С достоинством и радушием он лично и в своем лице приветствовал их.

– Владимир Никифорович? – тихо спросил Немировский, глазами указав на дверь.

Помощник кивнул вполне утвердительно. Это означало, что заместитель председателя Митрошин там и настроен в их пользу.

В левой руке Немировский держал папку, а правая, когда он входил в учреждение на соответствующие этажи, была свободна для рукопожатий. И теперь он подал ее помощнику. Тот пожал сердечно. Выпущенные белые манжеты, белый воротничок, галстук в косую полоску, заколка с цепочкой, склоненный к плечу седоватый зачес.

– Здравствуйте, Виктор Петрович!
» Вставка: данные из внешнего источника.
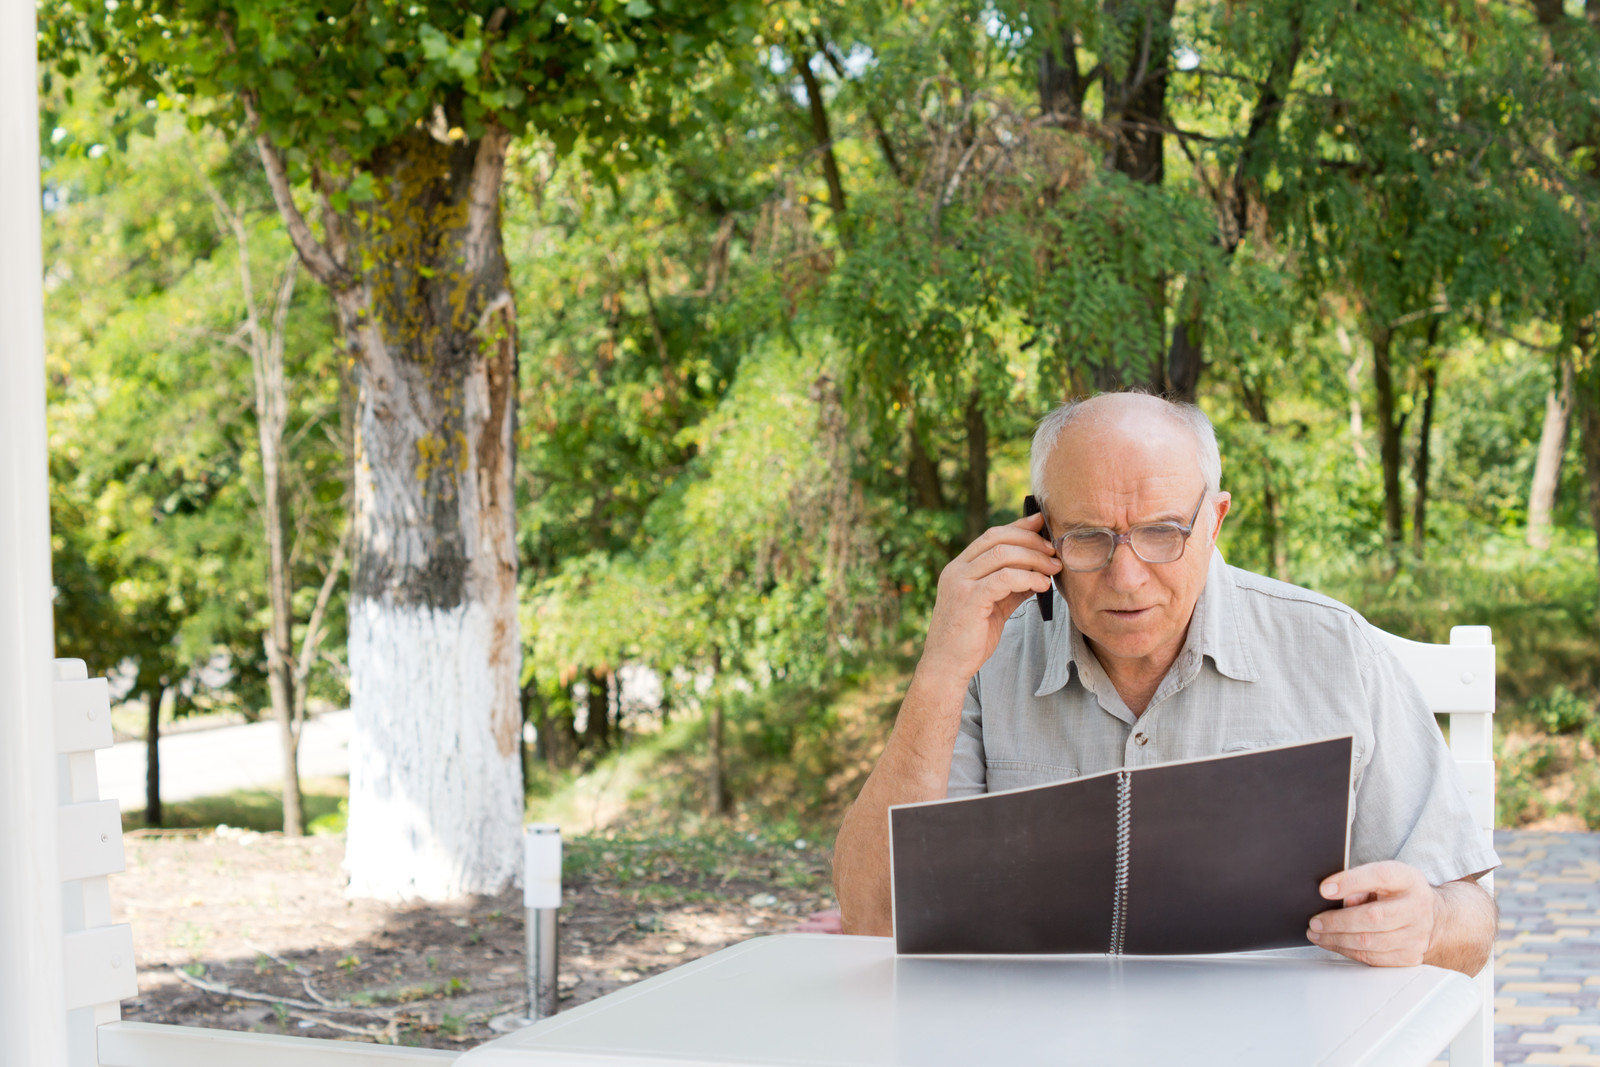 Senior man sitting outside at his table looking at a manual on his phone

Здравствуйте, Андрей Михайлович! – с должным почтением, но и себя не роняя, говорил помощник и ответно пожимал руки и ласково взглядывал в лица.

Все, кто ждал в приемной и теперь обречен был ждать долго, тоже встали и отчего-то улыбались.
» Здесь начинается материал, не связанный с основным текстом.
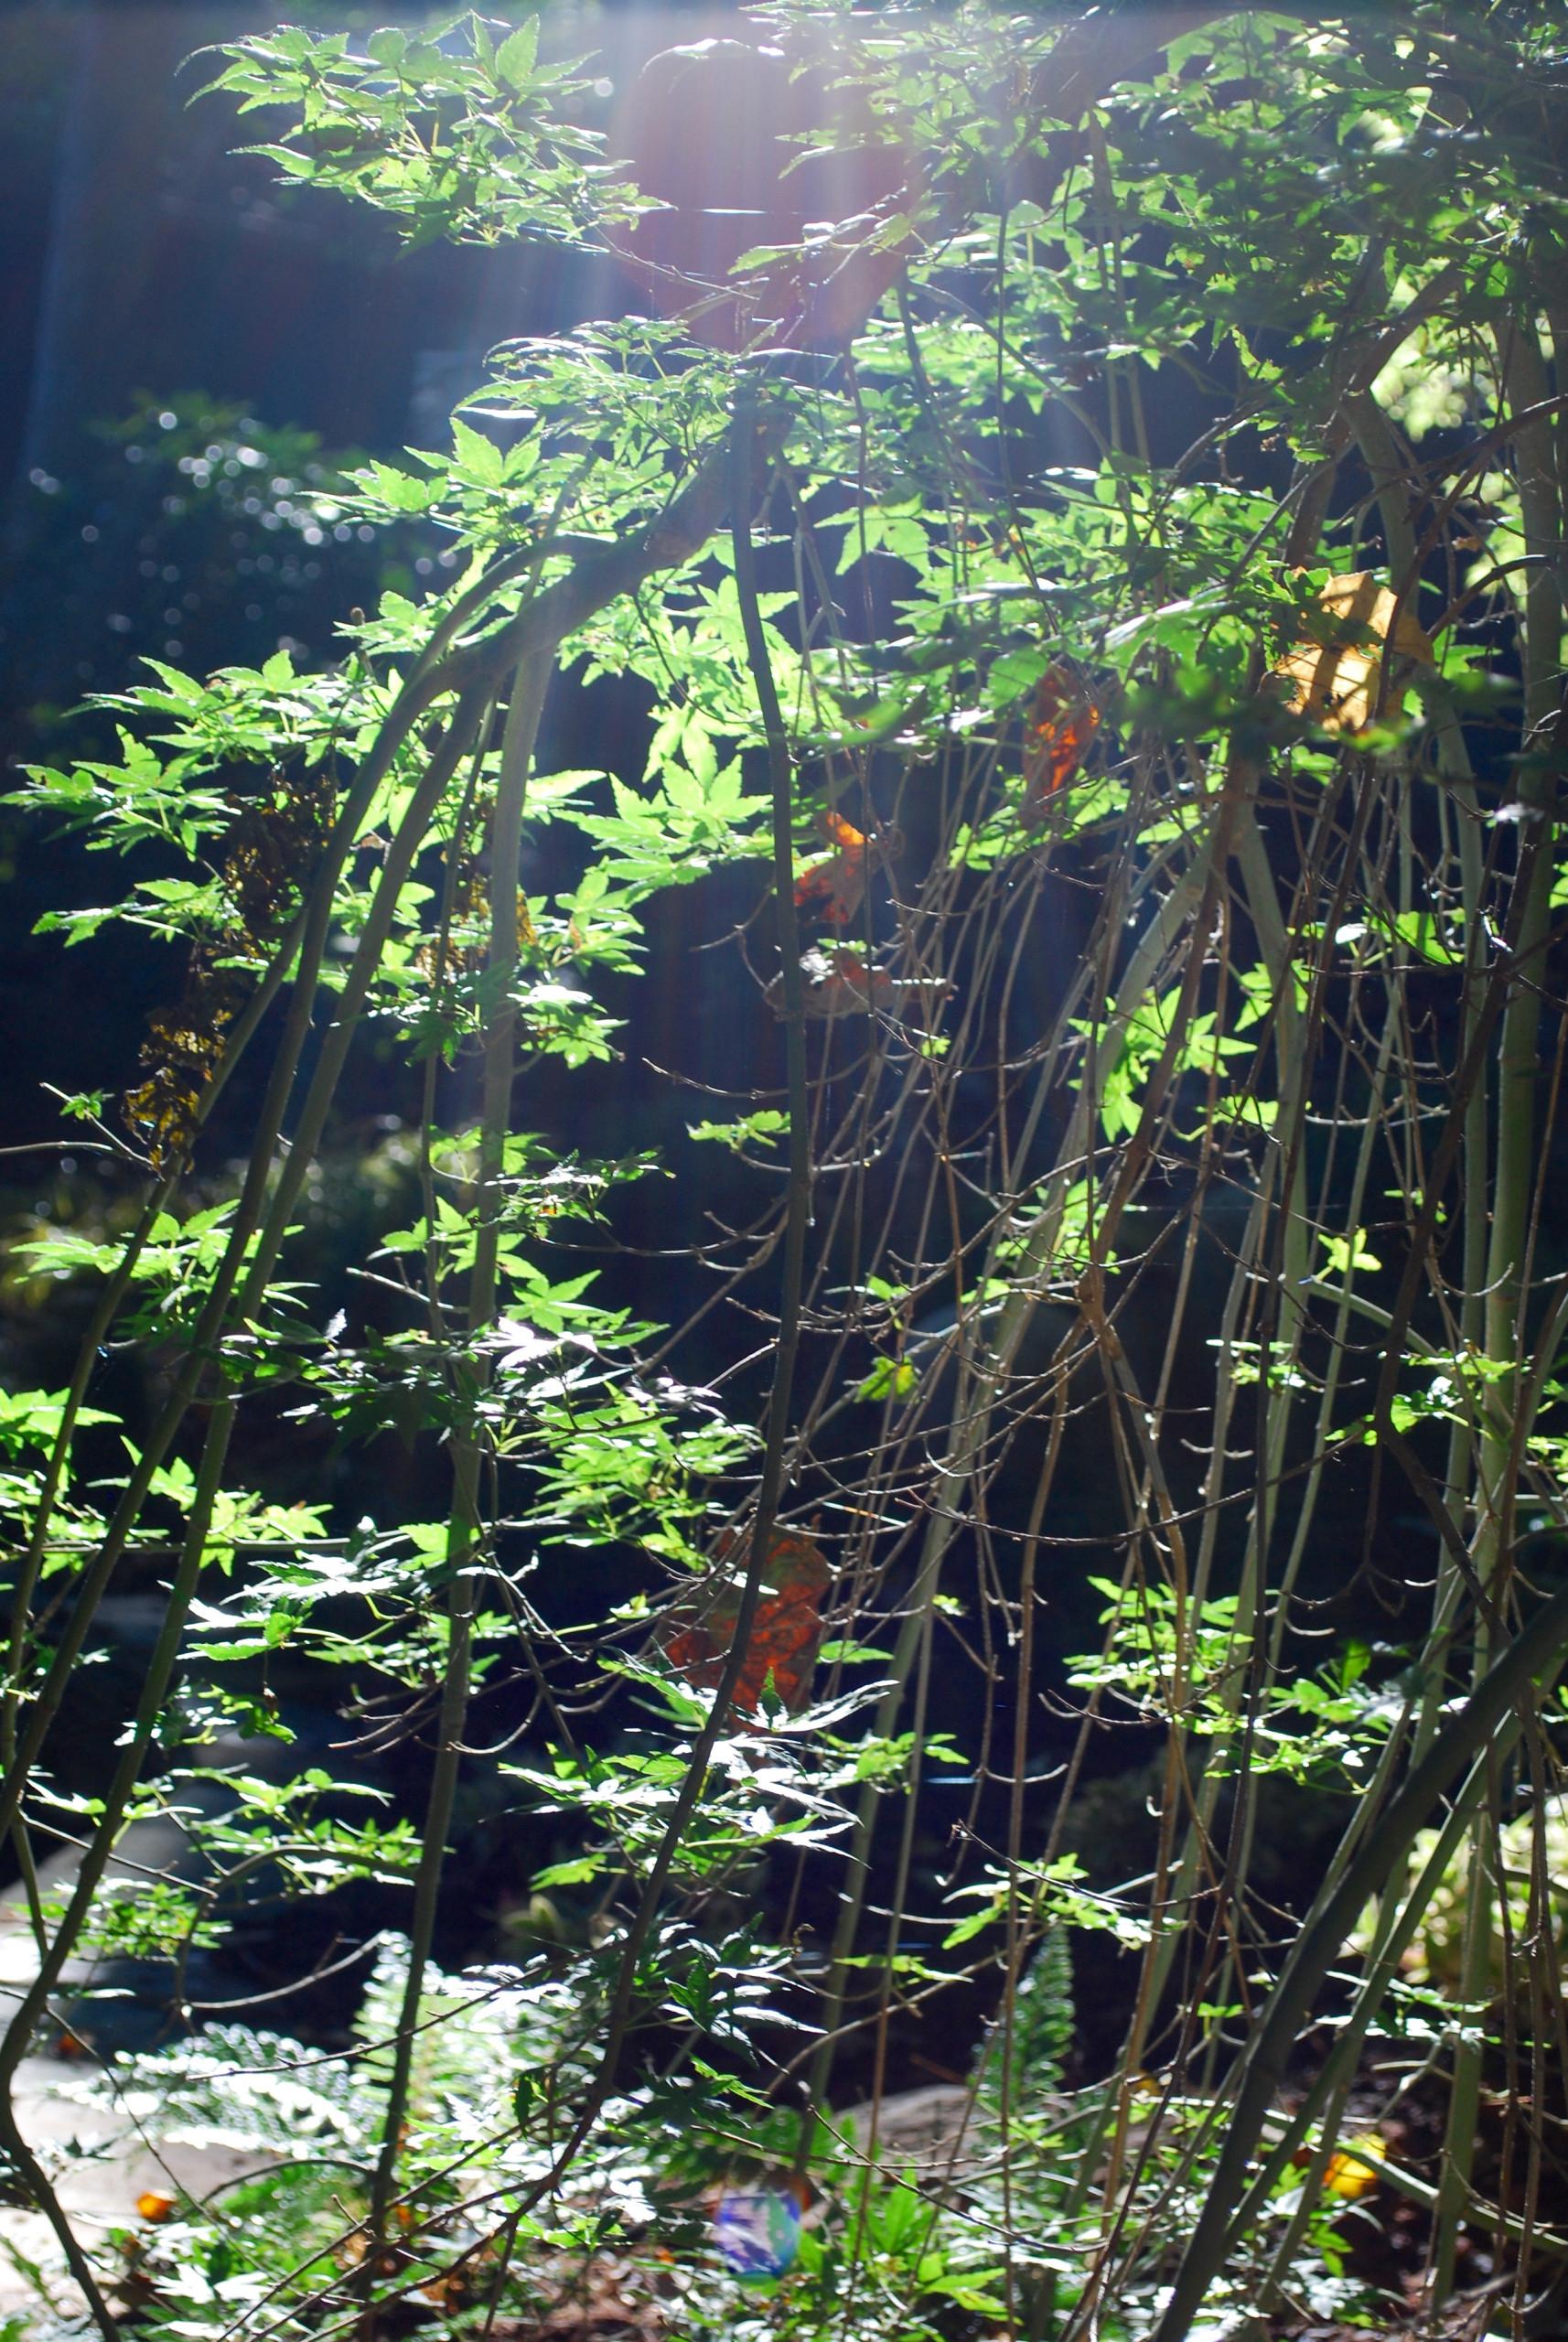 Acer palmatum 'Ryusen', backlit

Даже прожив две недели отпуска в деревне, Андрей и Виктор все еще выглядели там белыми, незагорелыми горожанами. Но здесь они стояли бронзовые от солнца и воздуха. И все смотрели на них. А на столе помощника лежала снятая телефонная трубка, в ней попискивал измененный мембраной голос, но никто не обращал внимания. Вот этот царапающийся в трубке человеческий голос мешал Андрею в момент торжества. Но он стоял со всеми, улыбался, как все.

Зазвонил другой телефон. Со спокойной улыбкой доброжелательства помощник продолжал разговаривать с ними.

– Дятчин? – спросил Немировский доверительно.

С некоторой грустью, что Дятчин там, помощник прикрыл свои зоркие глаза, но в целом лицо его выражало, что хотя он и там, Дятчин, но мы же с вами знаем: сейчас это никакой роли не играет.

Информация, полученная вместе с рукопожатием, была исчерпывающей. Но еще важнее было то, что помощник счел нужным информировать, лично спешил присоединиться к царившему настроению. Значит, в те несколько часов, пока Немировский не держал руку на пульсе событий, ничто не изменилось.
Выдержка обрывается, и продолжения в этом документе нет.